Mom's House is a Taiwanese Hokkien television drama that began airing on Formosa Television in Taiwan. This is also known as the first HD drama ever broadcast on Formosa Television. During the last week of the drama's run, where the final two episode were broadcast, Formosa Television received the highest rating ever recorded in their 8 o'clock slot, which was 9.78 million. On average, the show received 7.97 million viewers.

==Plot==
Retired principal, Lin Shishi, marries off his three daughters one by one. But even as his daughters venture into their brand new lives, Lin and his wife continue to give them their non-wavering support whenever they encounter obstacles in their marriages.

==Cast==
- Shi Ying as Lin Shishi
- Tang Meiyen as Wu Baozhu
- Lei Hong as Peng Dahai
- Mike Lee as Peng Jianhong
- Fon Cin as Lin Liyun

==Accolades==

| Year | Ceremony | Category | Nominee | Result |
|---|---|---|---|---|
| 2008 | 43rd Golden Bell Awards | TV series Actor Award | Rejon | Won |
| 2009 | 44th Golden Bell Awards | TV series Actress Award | Tang Mei-yun | Nominated |

==International broadcast==

===Malaysia===
The drama was broadcast on Astro Hua Hee Dai, weekdays at 8:30-9:30pm, starting on November 17, 2008 and concluding on July 8, 2012. Another Astro channel, Ria, broadcast the show in its original Taiwan episode length daily at 7pm starting on January 4, 2010 and ending on September 27, 2011. The drama was also broadcast on 8TV under the English title Mother's House for two episodes with one hour each from Monday to Friday, at 11:30 MST and 13:00 MST with a 30 minutes break of its Midday Mandarin News at 12:30 MST. The drama was broadcast on 8TV starting on January 2, 2013 and ending on October 21, 2014.

===Gala Television===
Gala Television another broadcaster in Taiwan, showed the drama Monday - Friday in the timeslot of 5-7pm, each day showing 2 one-hour format episodes on GTV One. The broadcast started on May 3, 2010 and concluded on October 14, 2011.

===Indonesia===
Indosiar broadcast the drama daily, 7-10pm, starting on May 9, 2011

===Singapore===
The drama was first broadcast on VV Drama at 19:00–20:00 from Monday to Friday Premiere (+3) at 22:00–23:00. It was also broadcast in the morning from 1:14–2:04 am and 9:00–9:50 am. It was also broadcast in the afternoon from 2:00–2:50 pm. The broadcast started on December 5, 2009.

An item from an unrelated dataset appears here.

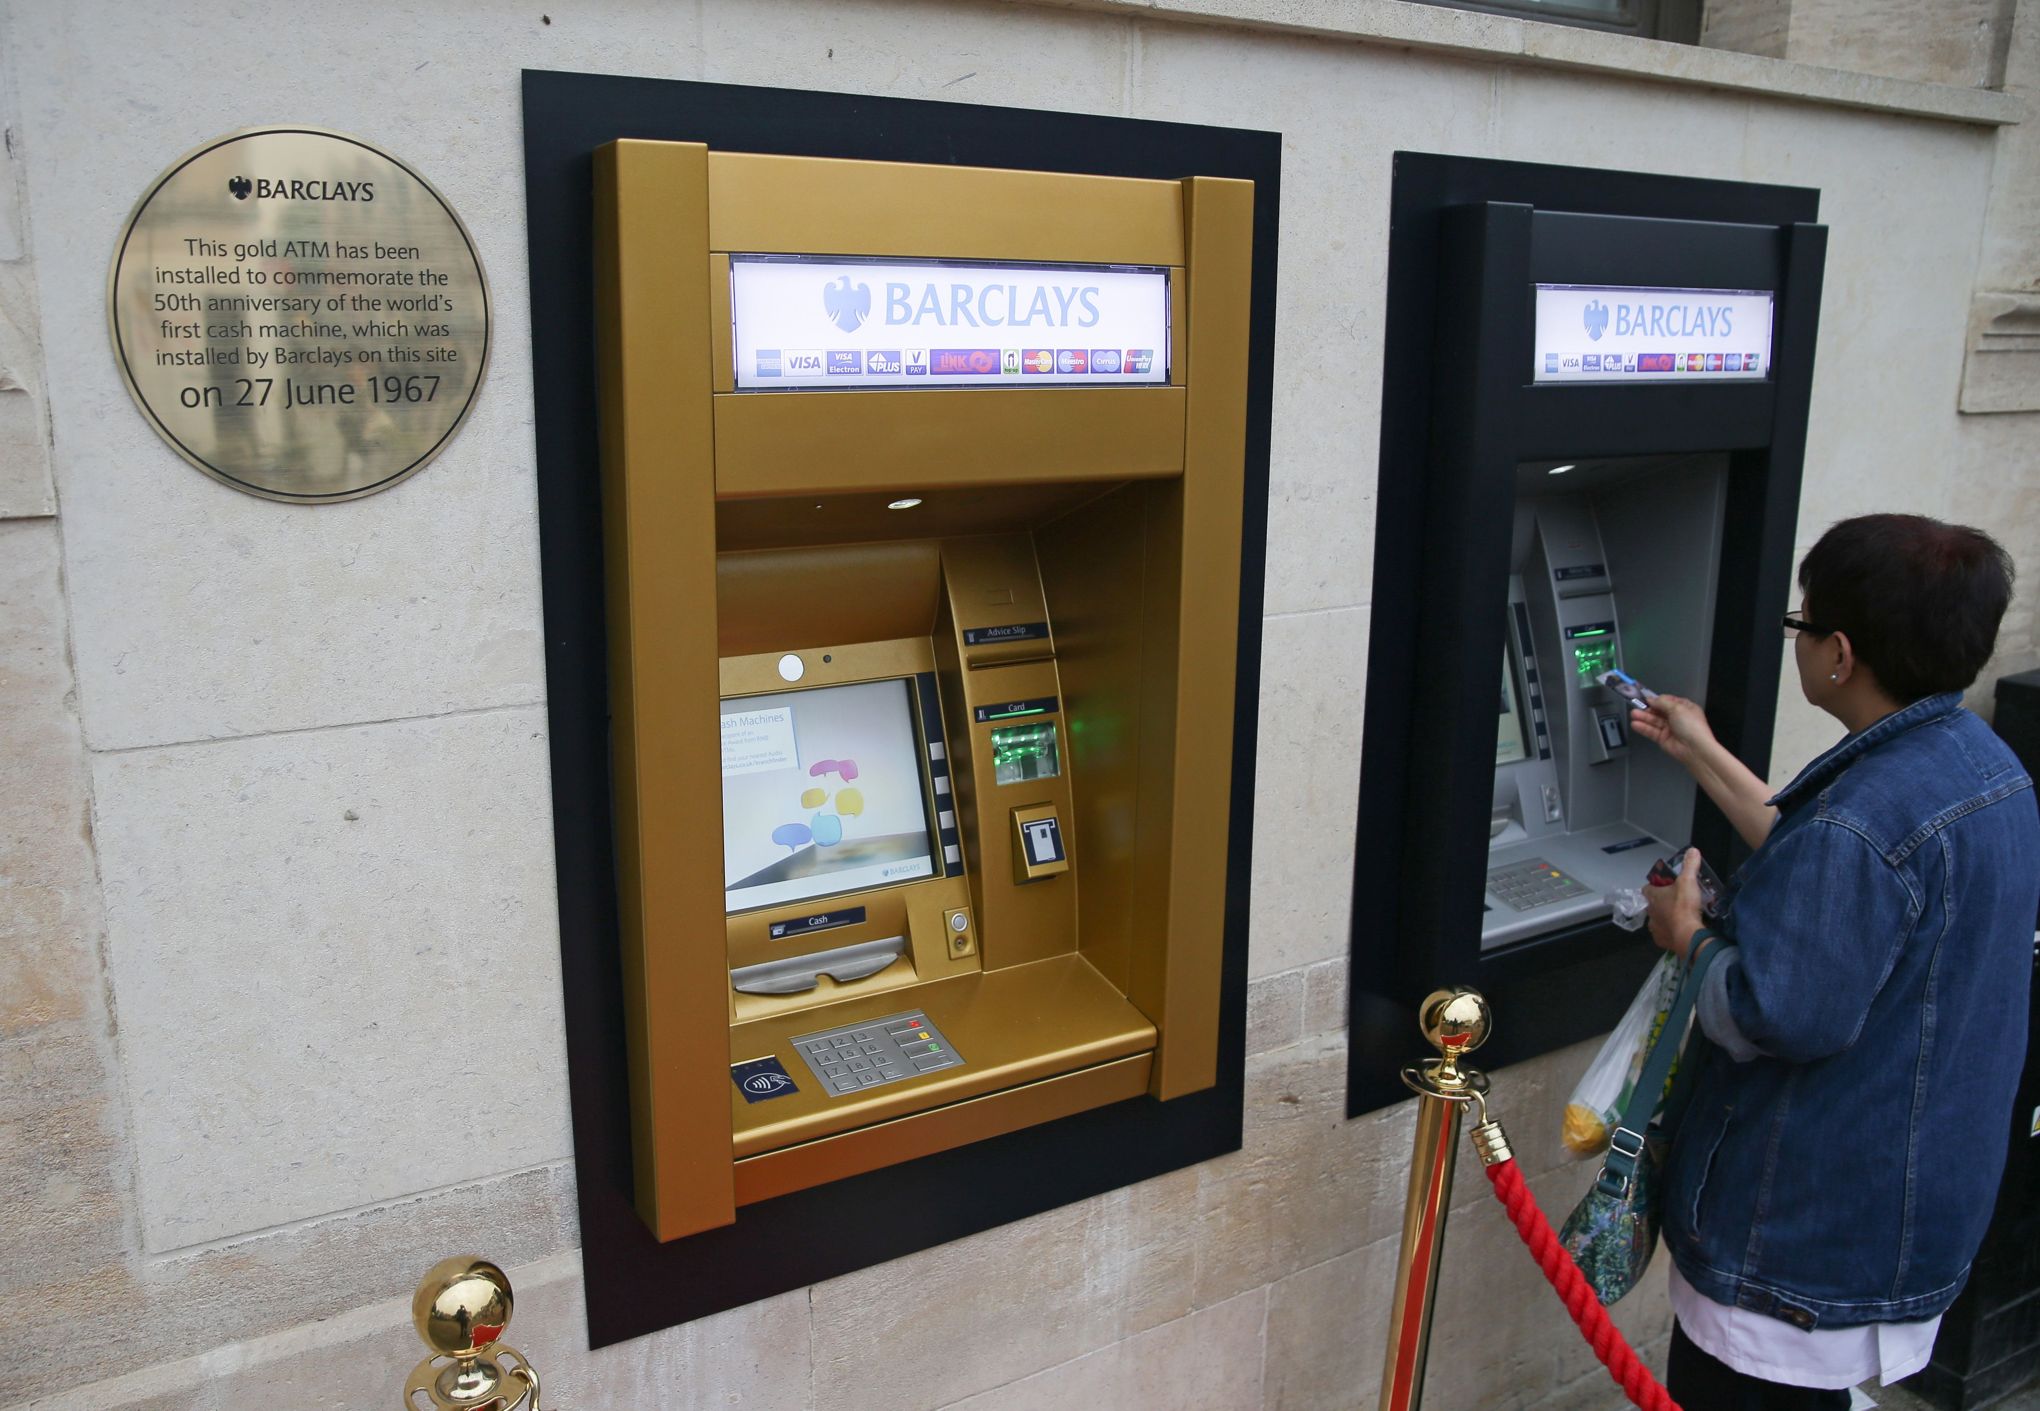 First atm. Банкомат. Банкомат (ATM). Первый Банкомат. Первый Банкомат в мире.

The series was also broadcast in Singapore Channel, Mediacorp Channel 8 on weekdays from 4:30 to 5:30 pm. It is the fifth Taiwan drama to broadcast the show in Singapore but due to local broadcast laws prohibiting radio or television broadcasts in Chinese dialects, the show was dubbed into Mandarin when it aired on Singapore's MediaCorp Channel 8, thus making it the first channel to broadcast the show in Mandarin. The show began on 13 March 2015 and has a total of 937 episodes and ended its run in 2018.

====Repeat Telecast (2017)====
The series is repeating its broadcast from 4–6:00 am and ended its repeat telecast in 2019.

===Macau===
TDM Ou Mun broadcast the drama on the weekdays, showing two episodes. One at 11:30-12:30pm and one at 1:00pm–2:00pm. Broadcast started on December 5, 2011.